At a very young age, I was not like other children. My actions, reactions, likes, dislikes, and general appearance set me apart, marked me as different. My own private segregation. Even during grammar school, children are aware of the differences between themselves and those around them. It’s during this time that we either develop the strengths to embrace the differences, or the insecurities about them that can plague us the rest of our lives.
One day in the second grade our teacher was talking about colors. I haven’t a clue why, don’t remember why, and don’t particularly care why. To show us the difference in colors, this woman decided to line us up against the wall in the classroom by hair color. The blondes first, the lone redhead, followed by a few sandy brown haired kids, a brunette, and a black-haired East Indian girl. I promptly tucked myself behind the brunette.
The next thing I knew, my teacher’s boney hand was wrapped around my arm and I was reordered behind the East Indian girl: NiCole, your hair is black, don’t you know that? She made me feel like an idiot, as if I was oblivious to the color of my own hair. I argued with this woman over hair color for five minutes until finally realizing the magnitude of her sheer stupidity in not knowing the difference between dark brown and black. She didn’t care. In her eyes, the East Indian girl and I looked the same, or perhaps just not like the other kids.

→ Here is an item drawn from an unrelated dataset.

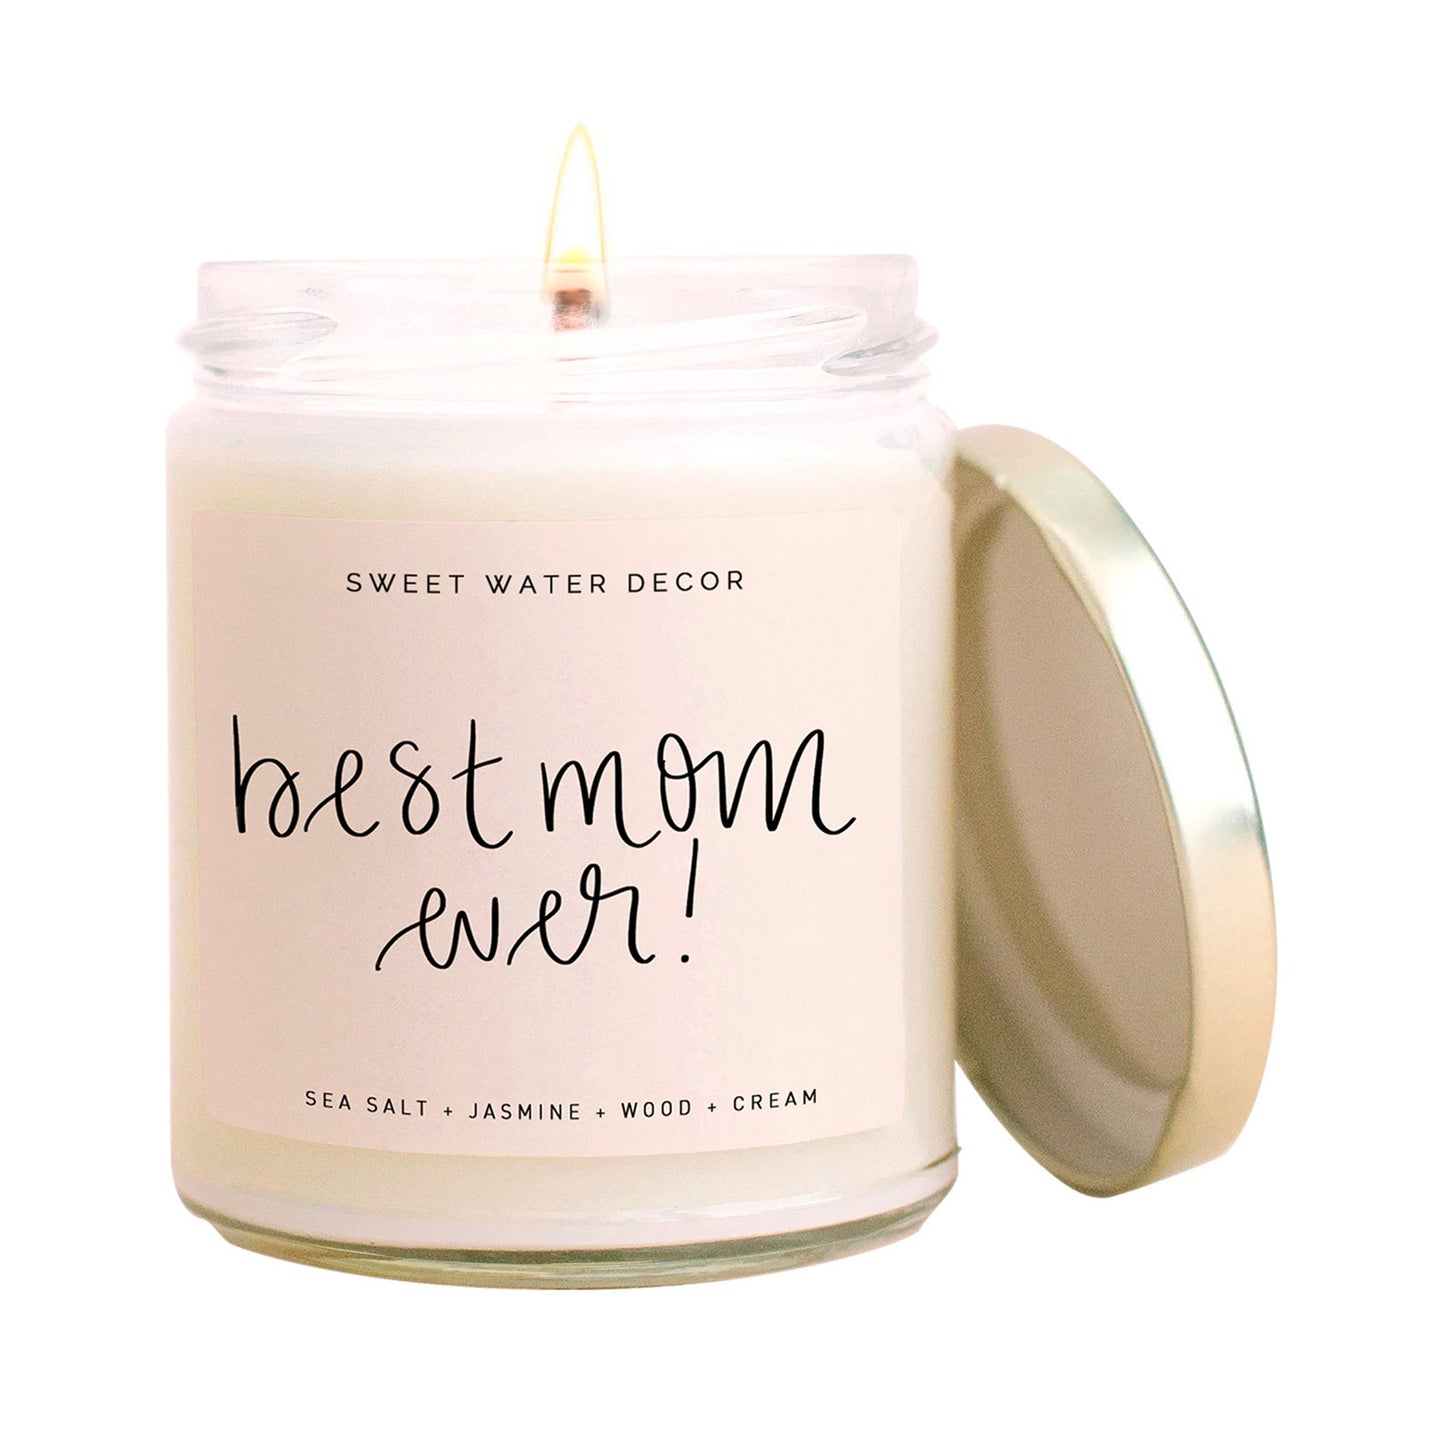 Sweet Water Decor - Best Mom Ever! Soy Candle

This story recently came up in conversation with a friend who posed an unnerving question: Do you think that’s why you have chosen to mark yourself [with tattoos], so YOU have control over what sets you apart?
The answer is yes, well, sort of. I began getting inked at twenty-six with tattoos that were relatively small and easily hidden. They were a private, passive-aggressive rebellion against the conservative life I was masquerading around in at the time.
As my life has evolved, so have my tattoos. I’ve been misjudged because of them, been high-fived for their high visibility, and was once asked to cover them just in case someone might be offended by them possibly maybe. Really.
The tattoos are mostly literary in nature and consequently invite people’s inquiry, which is difficult for an introvert. Though more visible, they are still for me; permanent sticky notes to persevere, stark truths about life and love, the nonsensical poetry of a caterpillar. They are part of me, literally and figuratively, and my friend’s question showed me a truth about the coping mechanism I’d developed in how I’ve chosen to present myself as an adult. He’s good. Smartypants.
Though we have come a long way as a society in accepting our differences, we still make knee-jerk assumptions about people based on their appearance, whether that be through tattoos, piercings, hair color, or race. So long as we continue to line each other up against our own idealistic second grade hair-color charts, there will be those obstinate few who ardently say I don’t belong where you think I belong.